DAP NON SCARCERA NESSUNO - Sulle responsabilità nella vicenda della scarcerazione di Giulia Ligresti «ribatterò punto per punto: non ho mai travalicato i miei compiti, eppoi c'è un'ignoranza spaventosa. Chiedete a uno del Dap se il Dap può scarcerare qualcuno. Chi lo dice è falso, bugiardo e ignorante», ha chiarito Cancellieri, che ha aggiunto: «Le falsità che ho sentito in questi giorni vanno chiarite punto per punto: non mi sono mai occupata di scarcerazioni perché non avevo il titolo per farlo, mentre avevo il titolo di occuparmi del carcere che è una mia responsabilità e dovevo farlo. Non è mai successo che il Dap scarcerasse nessuno e comunque non mi sarei mai permessa di intervenire con la magistratura», ha concluso.

NO A OPERAZIONI POLITICHE SU MIO ONORE - Quindi il ministro ha proseguito: «Operazioni politiche alle mie spalle? Non sta a me dirlo, però molti osservatori politici lo hanno osservato con chiarezza. Io rimando ai giornalisti che fanno questo di mestiere e che lo dicono con molta chiarezza. A me interessa solo che la verità emerga, poi se la politica fa altre strade che le faccia pure, ma che non le faccia sulla mia pelle, strumentalizzando me. Se il Paese me lo richiedesse farei un passo indietro: a me interessa che il governo Letta vada avanti e che continui perché sono convinta che è l'unica e la giusta risposta in questo momento ai problemi del Paese. Per me è fondamentale. A me piace servire e io posso servire anche da libera cittadina, non ho nessun problema».

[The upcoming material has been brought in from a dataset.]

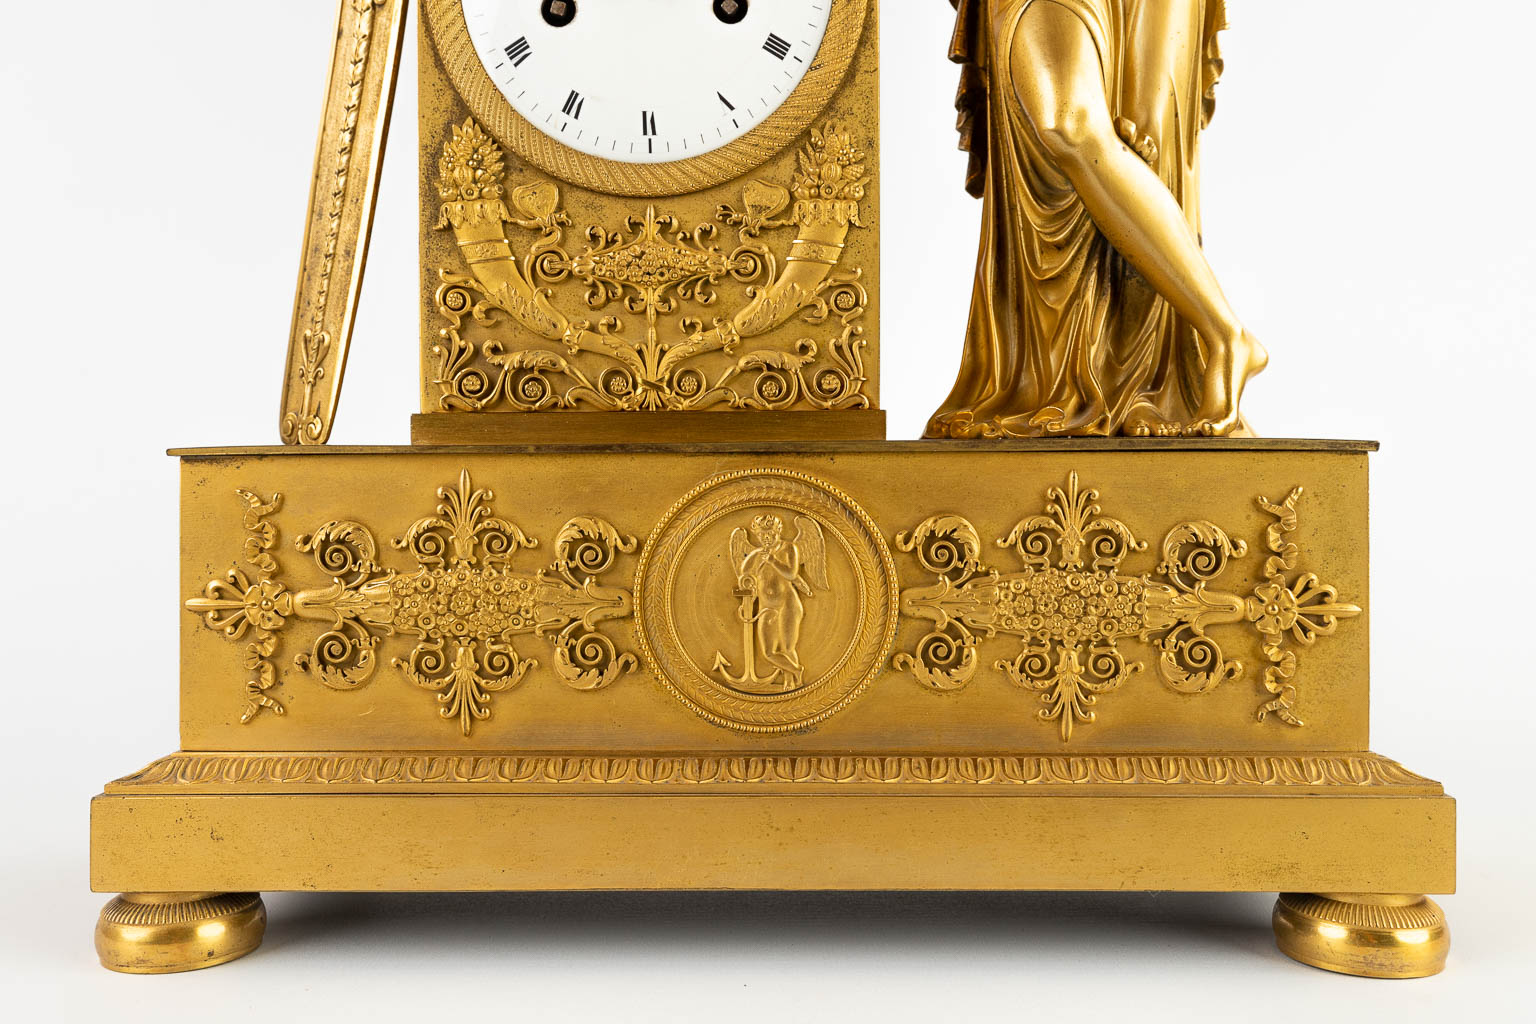 A mantle clock with elegant figurine, ormolu gilt bronze, Empire. 19th C. (D:13 x W:32,5 x H:44 cm)

GLI ALTRI INTERVENTI - Poi Cancellieri ha parlato dei casi in cui si è interessata per le condizioni di salute di un detenuto: «In tre mesi ci sono stati 110 interventi, naturalmente non tutti miei personali: circa 40/50 della segreteria, un'altra gran parte miei con appunti scritti e ci sono stati altri interventi fatti telefonicamente direttamente. Ricordo un caso a Firenze, uno di Padova, uno di Siracusa e uno di Roma, di cui non so i nomi né perché fossero ristretti in carcere. So però - ha proseguito - che mi hanno chiesto o segnalato le loro situazioni e io le ho date agli uffici perché fosse fatto quello che è giusto fare. Il sistema è molto ben calibrato e organizzato. Abbiamo una struttura molto rigorosa e seria: con la massima serenità parlo con loro perché so che faranno quello che è giusto e possibile fare e che poi è quello che chiedo loro. Chi riceve le mie segnalazioni fa quello che è possibile fare nel rispetto della legge e sa benissimo che io non chiederei nulla che non fosse nel rispetto della legge», ha concluso la titolare della Giustizia.